Portability is another key advantage. A decentralised identity can be moved from one provider to another, so long as they are based on the same protocols.

"The whole identity thing starts to break down if everyone's using different methods, and pursuing their own way of doing things, so standards are highly important to make that move forward," Lambert says.

Standards and common interfaces are vital if an individual is not to require more than one digital ID and identity Balkanised. Importantly, universal compatibility will also support the provision of digital IDs by private entities, reducing central government ‘big brother' concerns, encouraging innovation and giving people a choice.

There are a number of groups working on technical standards for managing decentralised identities , including the W3C Decentralised Identifiers Working Group (with which Dock is aligned), the Decentralised Identity Foundation, OpenID Foundation, and more. However, these efforts are all to some extent a work in progress.

"The key point to remember about W3C's DID is that it is an emerging standard. Although DIDs are already being used by vendors in the verified identity market, the standard itself is still undergoing changes before it is fully approved," says KuppingerCole's Bailey.

In practice

So how do DIDs work, for example to access government services? What's going on behind the scenes?

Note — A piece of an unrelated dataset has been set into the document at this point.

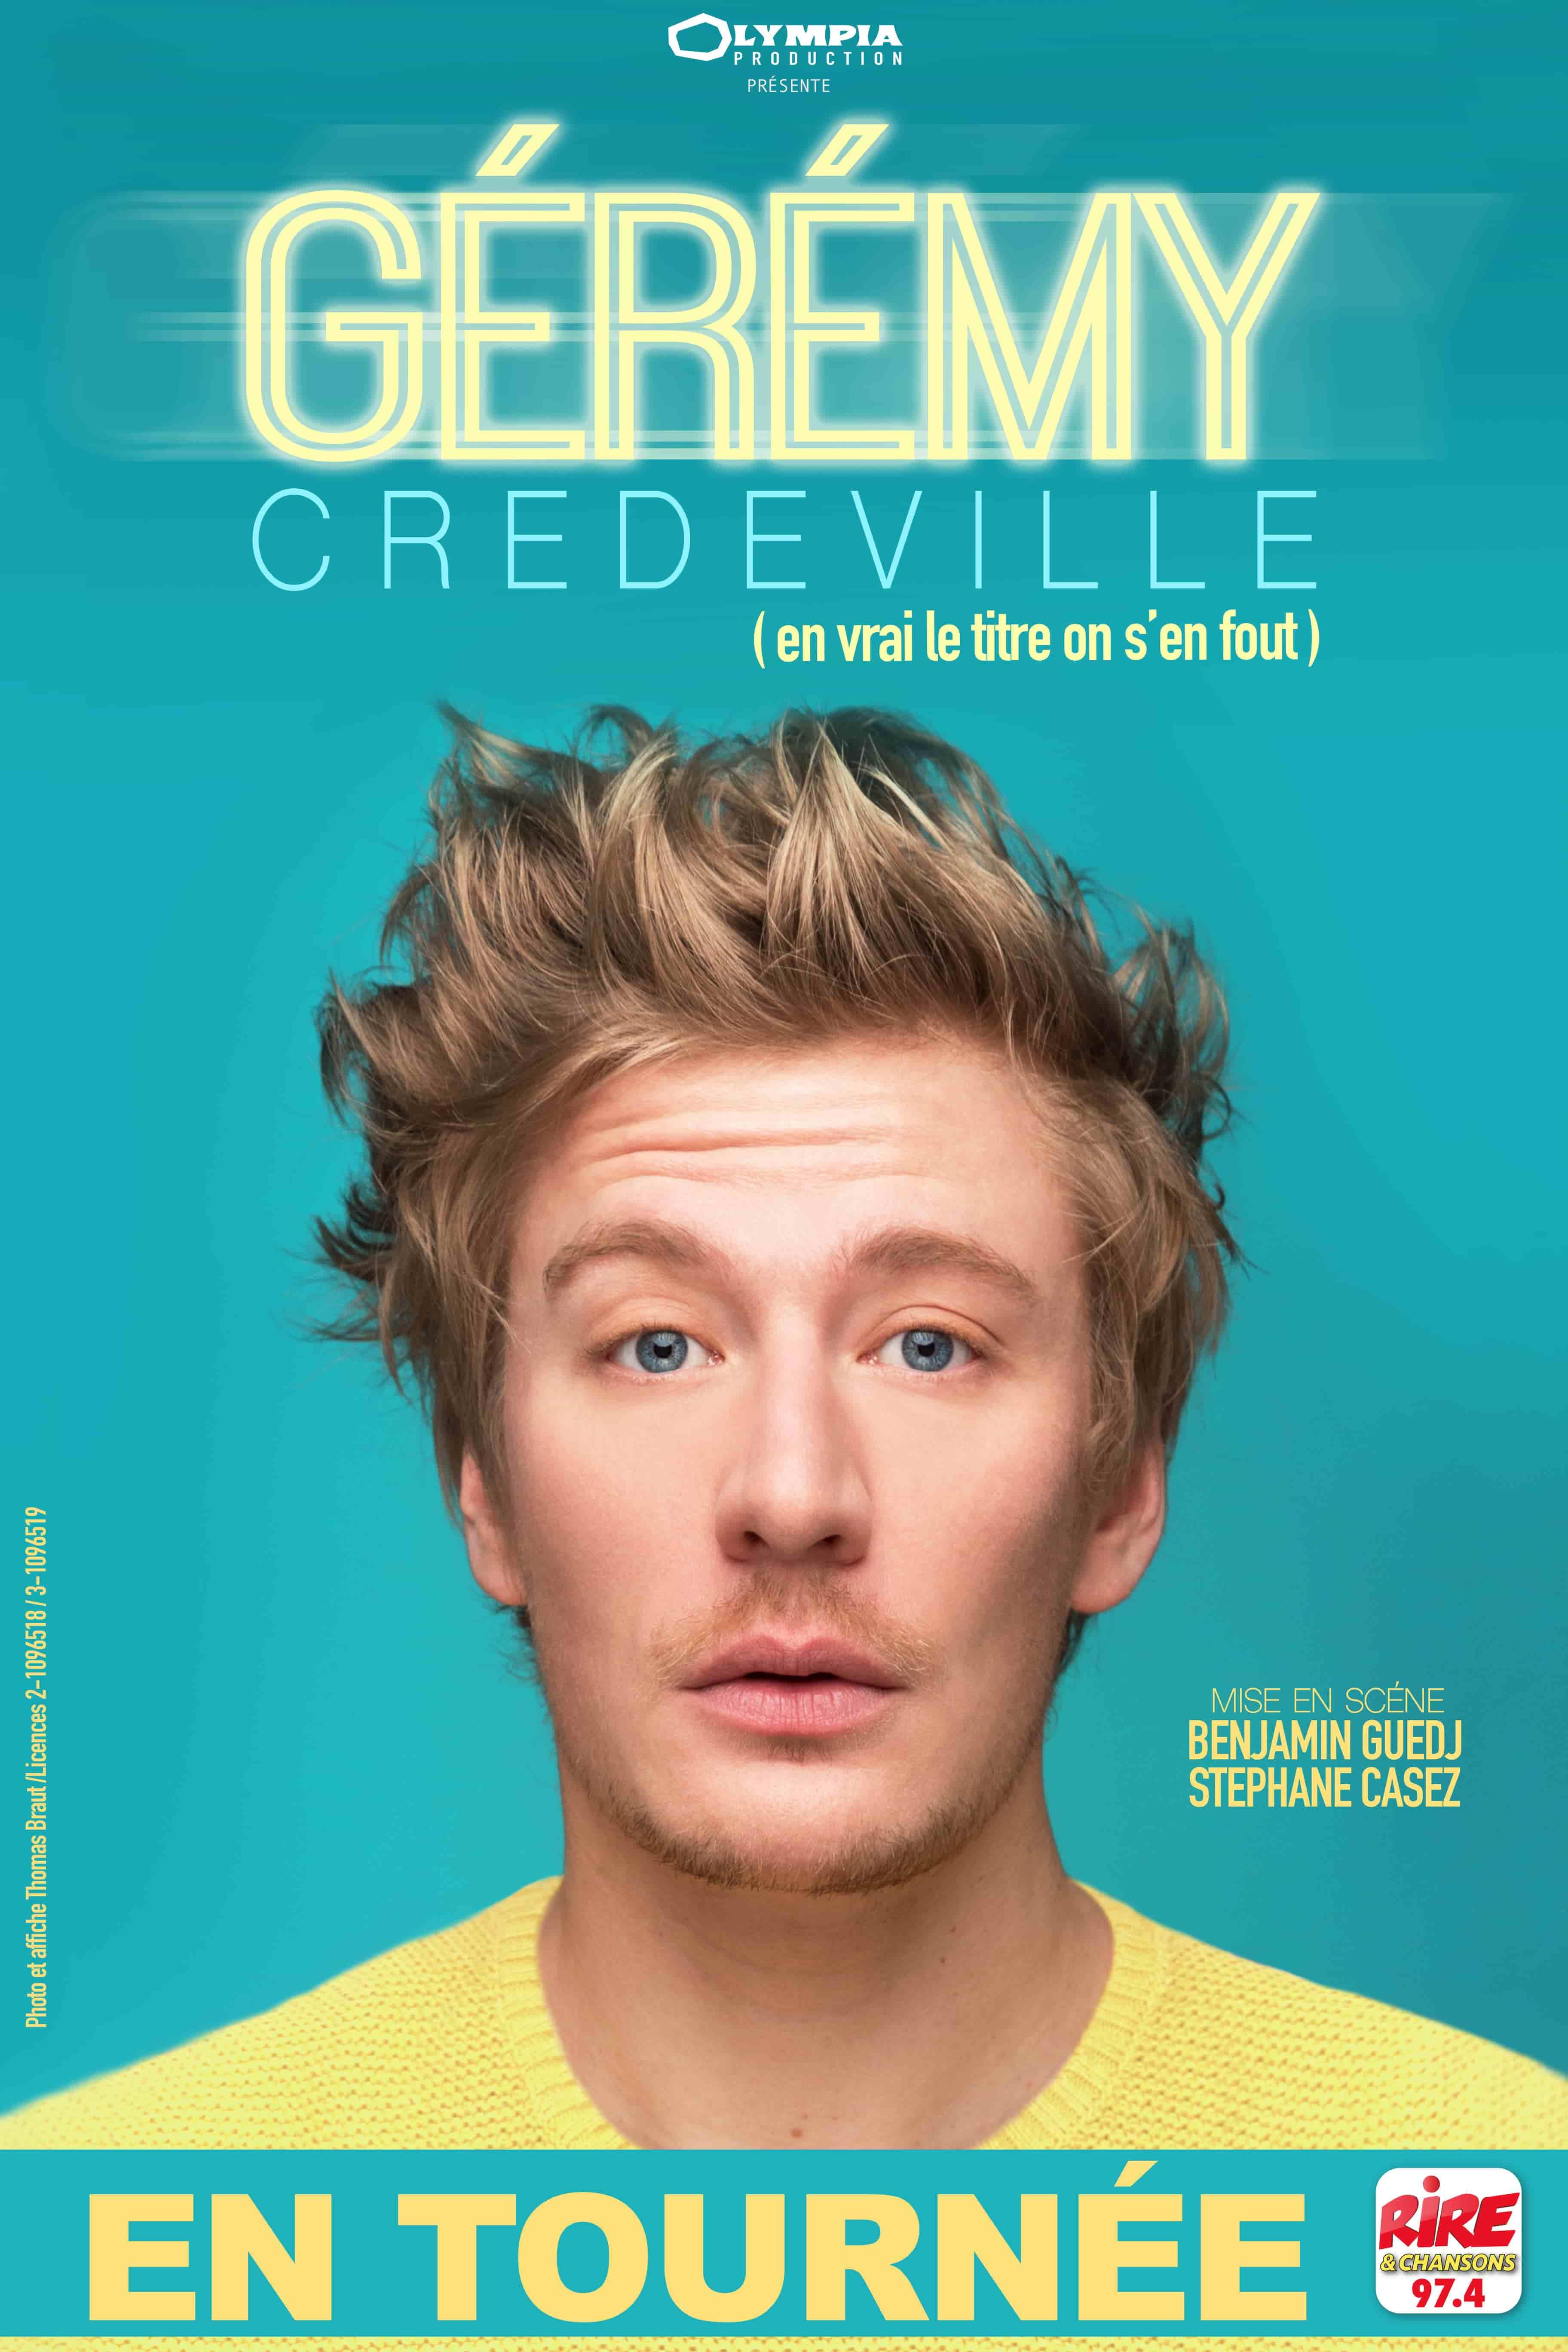 Gérémy Credeville - One man show - Humour - Marseille - Théâtre - L'Art Dû - 13006

The system uses public key cryptography. As a simplified overview, the government agency generates a key pair and publishes the public key on a website where anyone can access it. It then creates the digital identity document, signs it with the agency's public key and issues it to the individual's public key, probably some sort of digital wallet with the corresponding private key kept on the users' device. The identity can now be verified by participating government services, and the individual can change wallet providers if they choose.

And should our pub owner, for example, want to check the person is over 18, they can verify the validity of the ID by ensuring the public key of the issuer matches the public key of the government's address and that the individual is the owner of the recipient's public key - obviously, these procedures are hidden behind a nice UI, wallets, QR codes and so on - and be shown only a true or false as to the claimed age.

DIDs tackle some of the issues around managing digital identities, but they're not a perfect or complete solution. In the absence of connectivity, the validation mechanism described above falls over, for example. This is a particular problem when the checker is not a human but a machine - and many of the systems being built on top of digital IDs in places like Estonia are automated, such as using AI to suggest relevant services.

While they could go some way to dissuading the sort of trolling and abuse experienced by the England players and the spreading of disinformation on social media by requiring identities to be tied to a authentic ID - without the social media firm necessarily knowing who it belongs to - it is far from certain whether this would be effective where social media algorithms create profit from division (Facebook has always operated a real names policy), and any such requirement on social media firms would increase the risk for people communicating anonymously in repressive regimes (which would be unlikely to accept a DID system anyway), and for whistleblowers.

But the need for some sort of unified digital identity is clear. There are clear dangers in tying multiple activities to a central digital ID (see China's Social Credit system), but a free-for-all carries security and privacy risks of its own and is increasingly inconvenient. There are limits to how far we can engineer ourselves out of the identity mess and it's an issue that goes way beyond the technical, but decentralised IDs, protected by cryptography and managed by their ‘owners', surely have a place, particularly in a country where national ID cards are anathema.